The Commodores chronology
| Machine Gun (1974) | Caught in the Act (1975) | Movin' On (1975) |

Singles from Caught in the Act
- "Slippery When Wet" Released: April 2, 1975; "This Is Your Life" Released: 1975;

= Caught in the Act (Commodores album) =

Caught in the Act is the second studio album by The Commodores, released in 1975 (see 1975 in music). Caught in the Act included the #1 R&B hit "Slippery When Wet", penned by Thomas McClary, the sextet's lead guitarist.
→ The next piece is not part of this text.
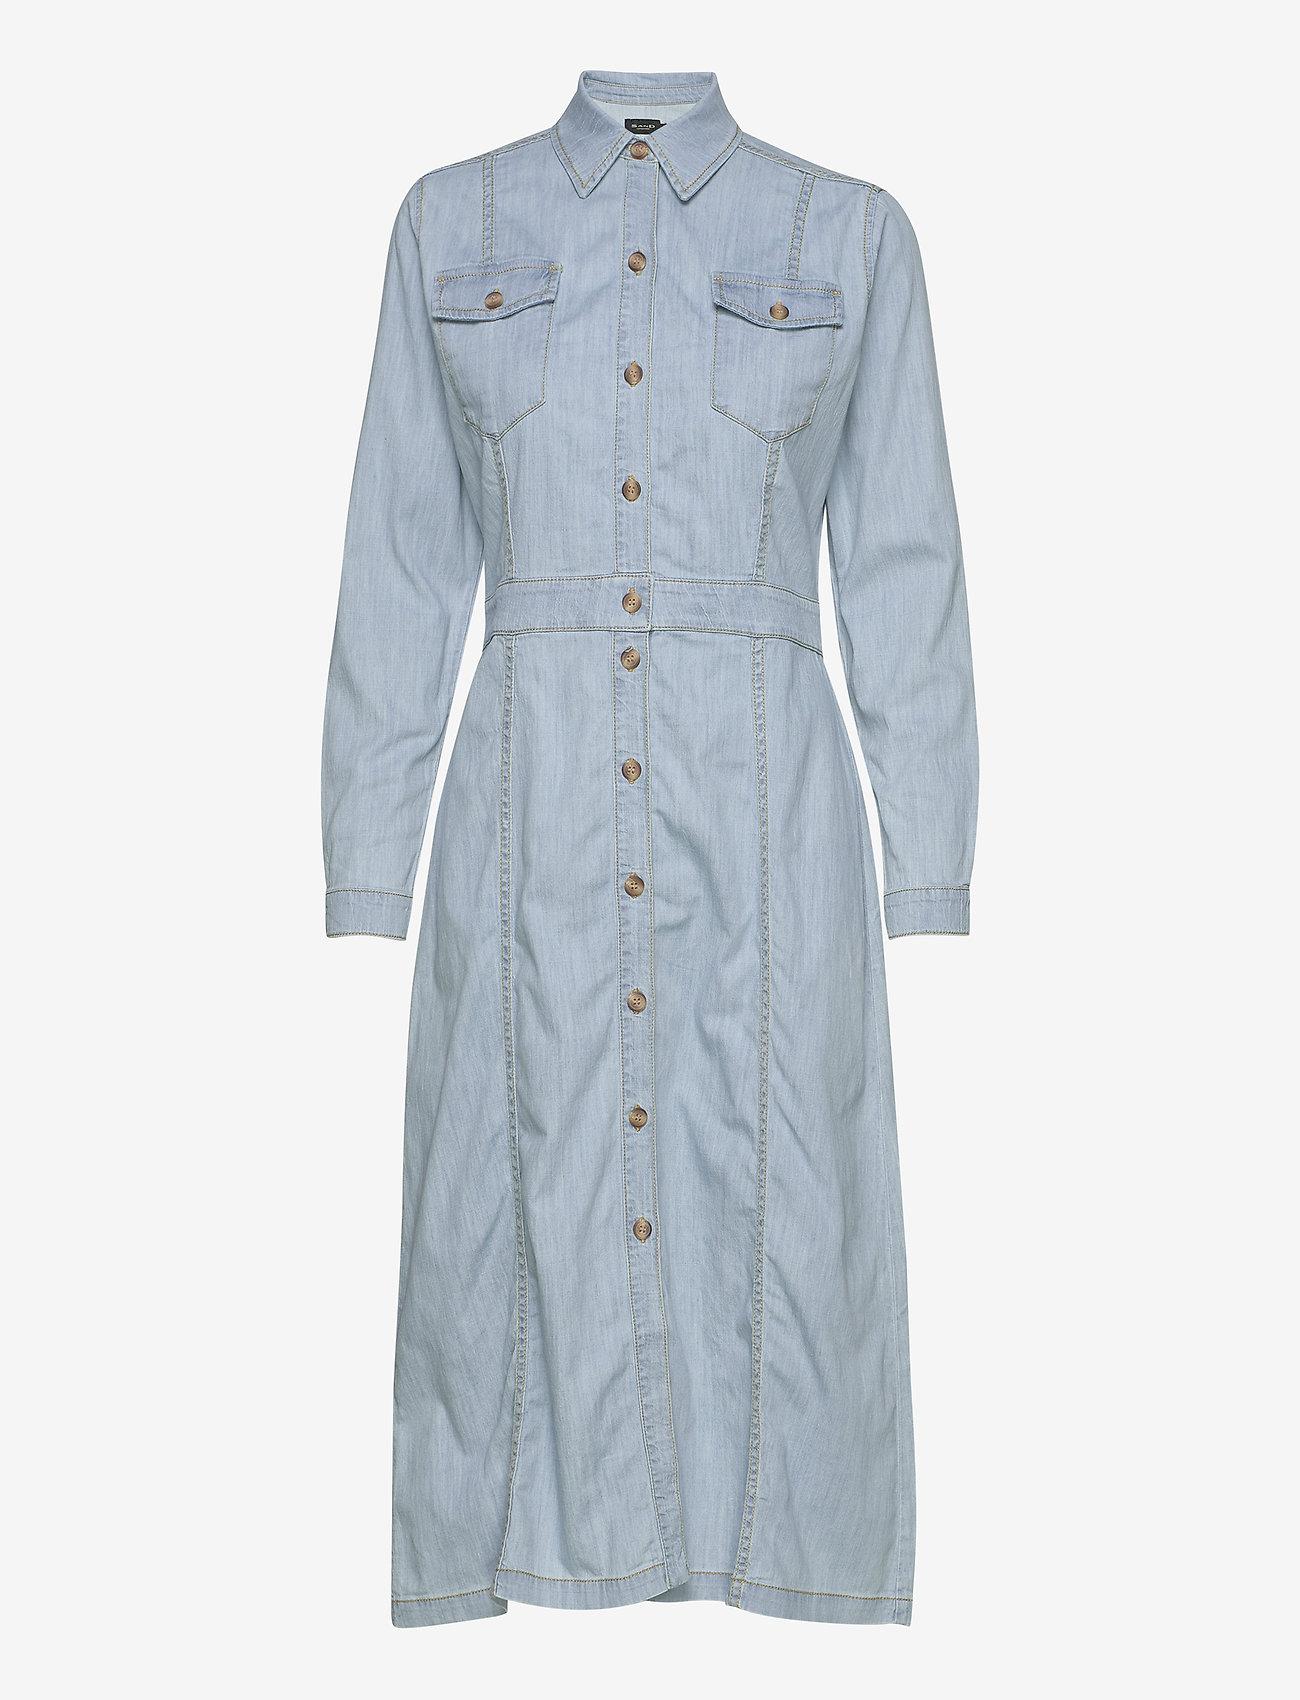 SAND - R/Denim - Mati - robes en jeans - light blue - 0
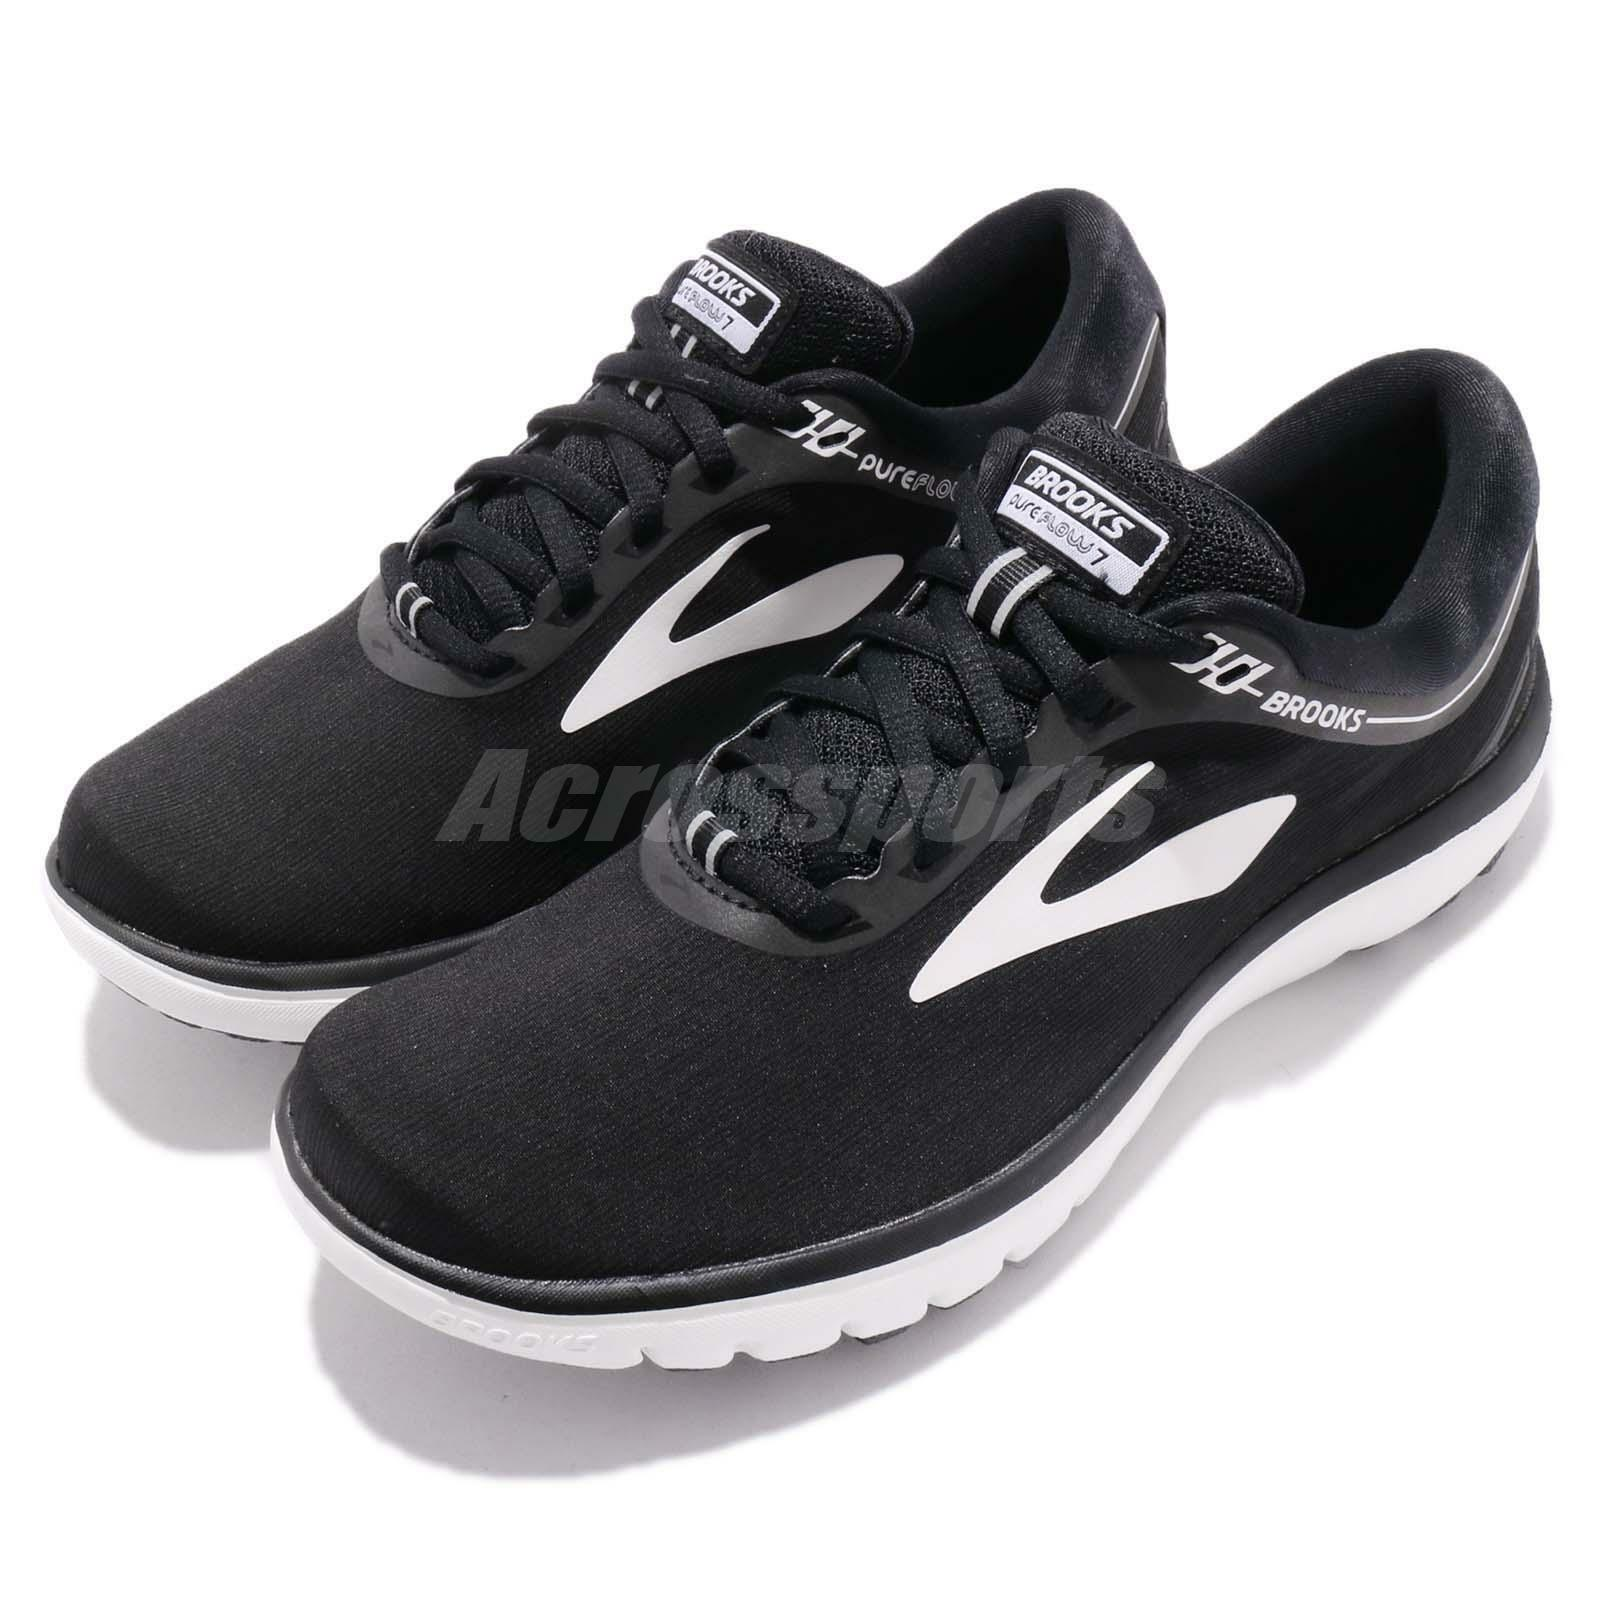 Brooks PureFlow 7 VII nero bianca donna Running scarpe scarpe da ginnastica 120262 1B

Caught In The Act was the second Commodores album to be certified gold. It rose to #7 on the Billboard R&B/Soul Albums chart and #26 on the Billboard Top 100 Albums listing during the summer of 1975. It received generally positive reviews. The album displayed clear influences from fellow funk contemporaries Sly and the Family Stone, Kool & the Gang, Earth, Wind & Fire and the Ohio Players, but yet the former opening act for the Jackson 5 was on its way to developing a sound that became all their own. They were a tight, self-contained unit that composed all their own material, unlike what was presented on their debut album, which included songs by outside writers. Lead vocals were handled by drummer/percussionist Walter "Clyde" Orange and pianist/saxophonist Lionel Richie.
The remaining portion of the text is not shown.